Misa Amano

Personal information
- Full name: Misa Amano
- National team: Japan
- Born: 15 October 1986 (age 39) Kanagawa, Japan
- Height: 1.61 m (5 ft 3 in)
- Weight: 53 kg (117 lb)

Sport
- Sport: Swimming
- Strokes: Individual medley

= Misa Amano =

Japanese swimmer (born 1986)

Misa Amano (天野 美沙, Amano Misa) is a Japanese swimmer, who specialized in individual medley events. She is a 2004 Olympian, and a multiple-time Japanese record holder in both the 200 and 400 m individual medley.

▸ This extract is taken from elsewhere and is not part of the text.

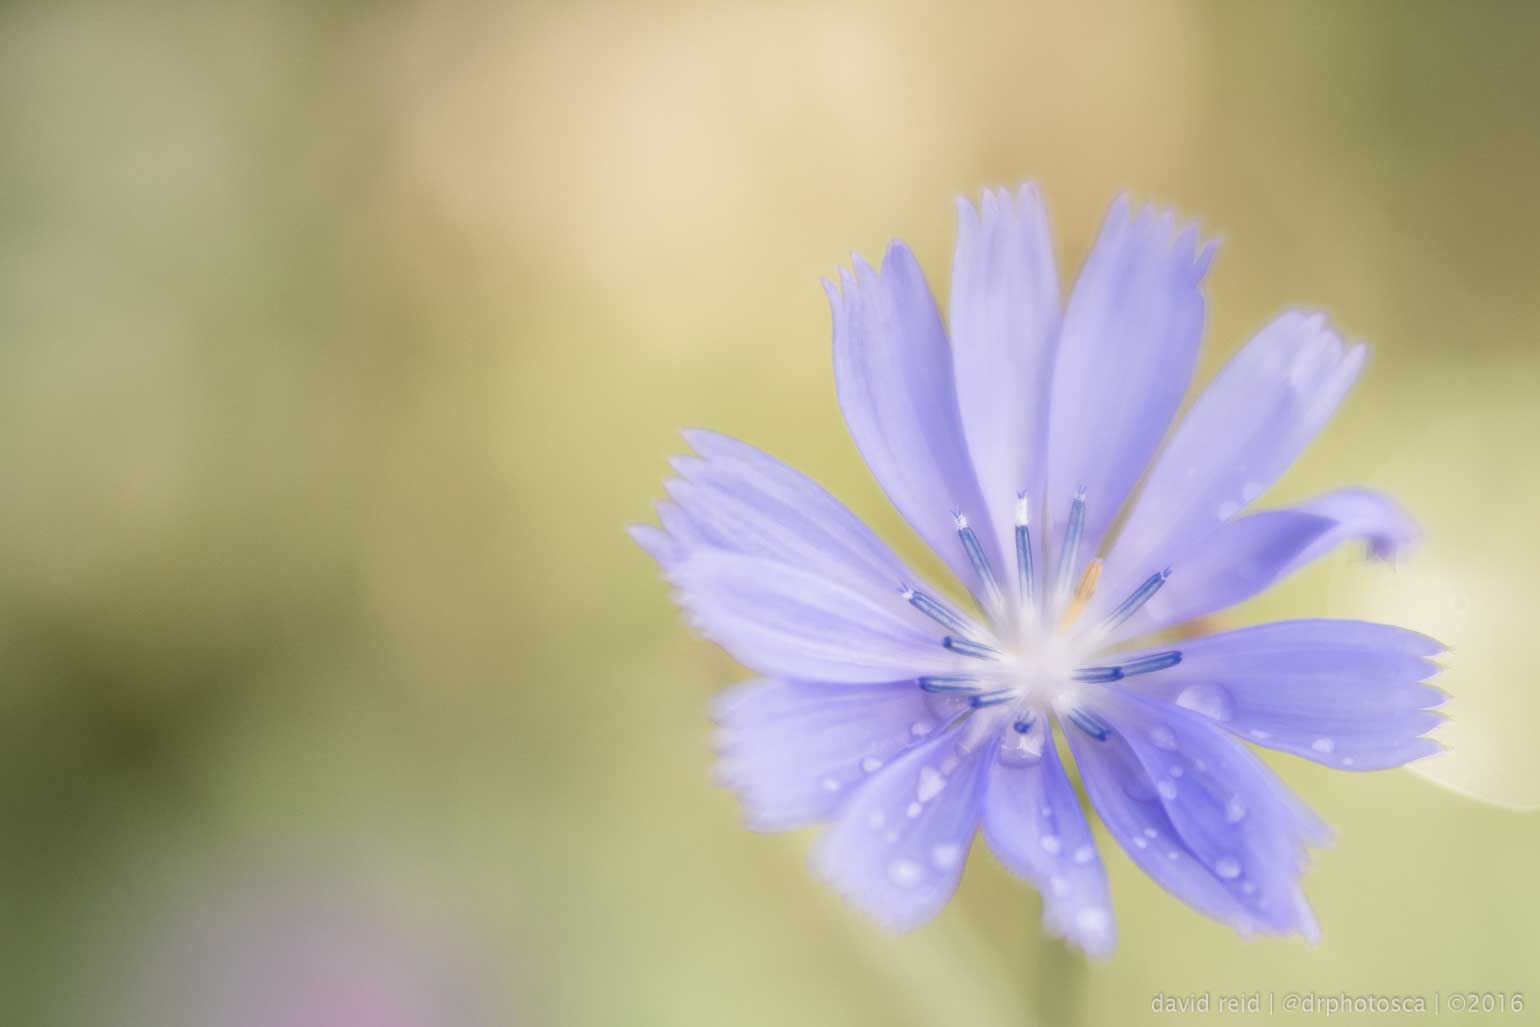 Lensbaby Velvet 56 f/1.6 review and sample photos with soft focus and blur

Amano qualified for the medley swimming events, as a 17-year-old, at the 2004 Summer Olympics in Athens, by attaining an A-standard entry time of 4:43.72 from the Japanese Olympic trials. On the first day of the competition, Amano finished tenth in the preliminary heats of the women's 400 m individual medley with a time of 4:45.61, failing to qualify for the final by 0.45 of a second outside the top 8. In the 200 m individual medley, Amano continued her luck in the preliminary heats, as she missed again a spot for the semifinals by more than six tenths of a second (0.60) behind New Zealand's Helen Norfolk, in a time of 2:17.88.